Wim hof
![]() | |
![]() Wim Hof , 2007 yılında Rotterdam'da bir buz banyosunda | |
Genel bağlam | |
---|---|
Spor | Aşırı spor |
Resmi site | https://www.wimhofmethod.com/ |
biyografi | |
milliyet | Hollanda |
Doğum | 20 Nisan 1959 |
Doğum yeri | Sittard ( Hollanda ) |
Kesmek | 1.82 m |
Form ağırlığı | 83 kg |
Takma ad | Iceman "buz adam" |
"Buz Adam" ( Iceman ) lakaplı Wim Hof doğdu.20 Nisan 1959içinde Sittard içinde Hollanda . Soğuğa maruz kalmayı kaydetme girişimleri ve başarıları ile uluslararası olarak tanınmaktadır. Bu nedenle birçok Guinness rekorunun sahibidir . 2000'li yıllardan itibaren "Wim Hof metodu" olarak bilinen (soğuğa maruz kalma, nefes alma teknikleri ve meditasyona dayalı) eğitim yöntemini popüler hale getirdi ve vücut, fiziksel ve zihinsel sağlık üzerindeki faydalarını övdü.
Wim Hof doğdu 20 Nisan 1959içinde Sittard ( Hollanda 9 çocuk mütevazı bir ailede). Katolik bir ailede büyürken , Zen Budizmi ve Hinduizm gibi Doğu felsefeleri ve uygulamalarıyla ilgilenmeye başladı .

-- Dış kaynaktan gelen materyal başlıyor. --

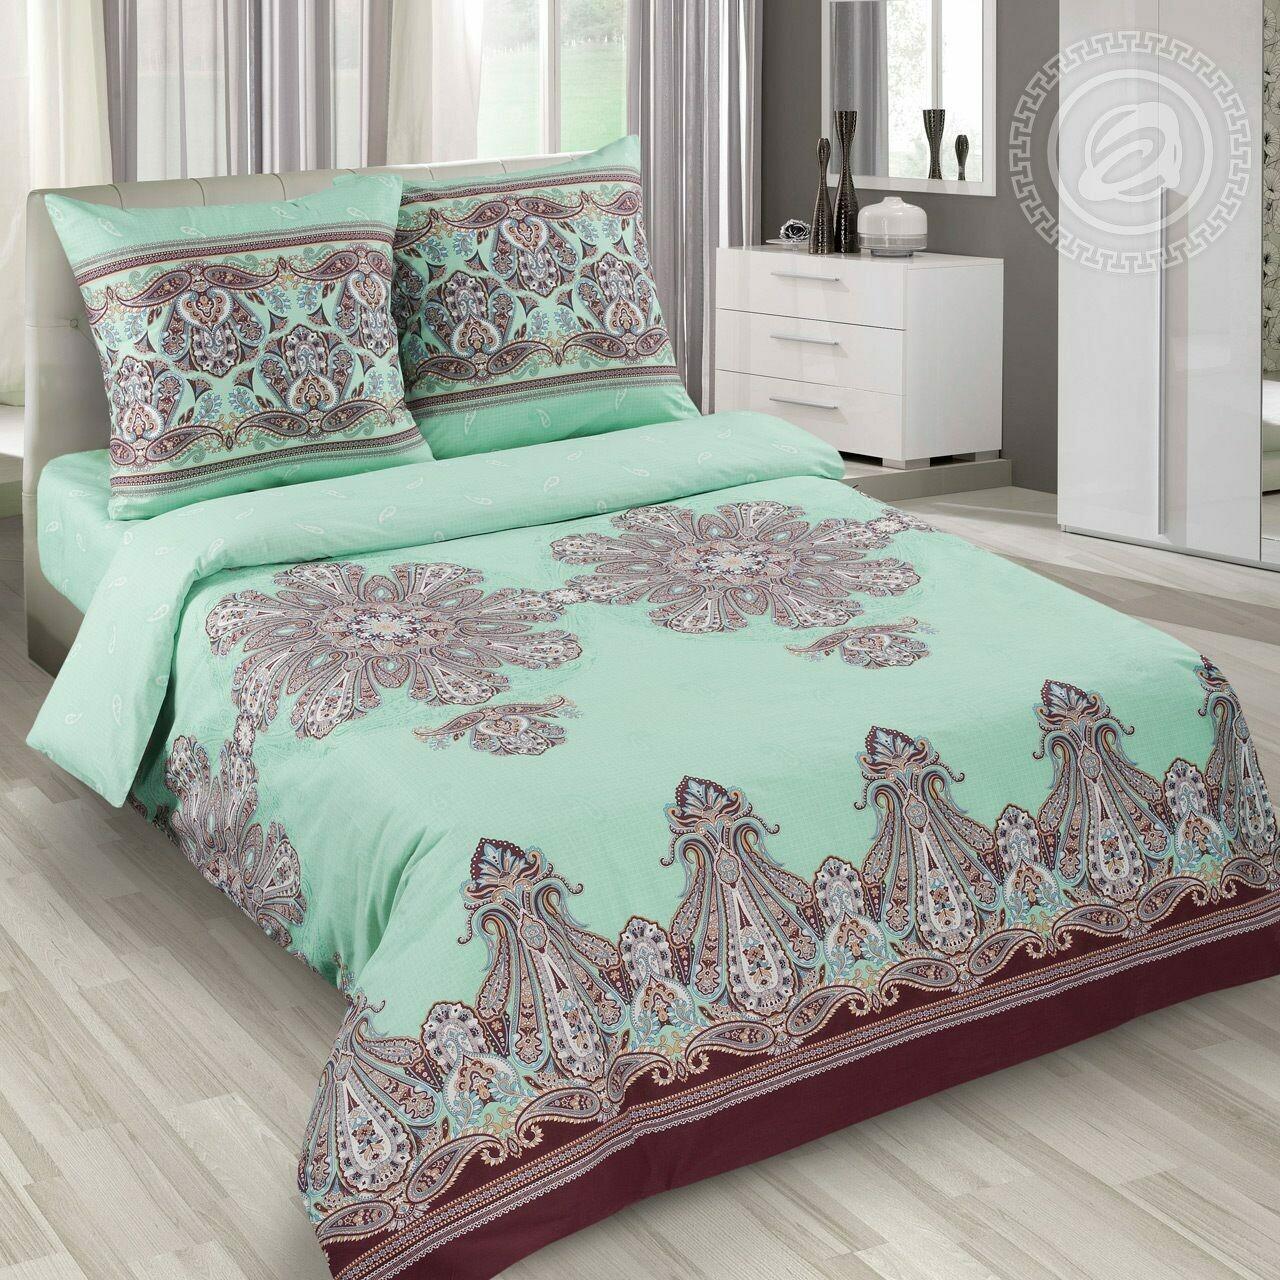 Турецкие мотивы - DE LUXE  (Комплекты постельного белья)

Yirmili yaşlarında, Amsterdam'da yaşarken buzlu su banyoları yapmaya başladı . Soğuğa maruz kalma yöntemini, nefes alma ve meditasyon tekniklerini ampirik olarak geliştirir.
1995 yılında ruhsal rahatsızlıkları olan eşi intihar etti. Bu trajediye tepki olarak Wim Hof, yönteminin ve uygulamalarının akıl hastalığı olan insanlara yardımcı olabileceğini düşünüyor ve daha sonra bunu yaygınlaştırmak istiyor.
Stresi azaltmak ve insan organizmasının sağlığını korumak için Wim Hof, 3 unsura dayalı bir yöntemi teşvik eder:
Yoğun soğuğa maruz kalma sırasında Wim Hof yöntemi birbirini takip eden adımlardan oluşur. Başlangıçta, birey yaklaşık 1 dakika 30 saniye süren bir hiperventilasyon aşamasına girmelidir . Daha sonra ikinci adımda kişi nefesini bloke eder ve mümkün olduğu kadar uzun süre apne yapar. Son olarak, üçüncü adımda, kişi normal solunumla meditatif bir aşamaya başlar.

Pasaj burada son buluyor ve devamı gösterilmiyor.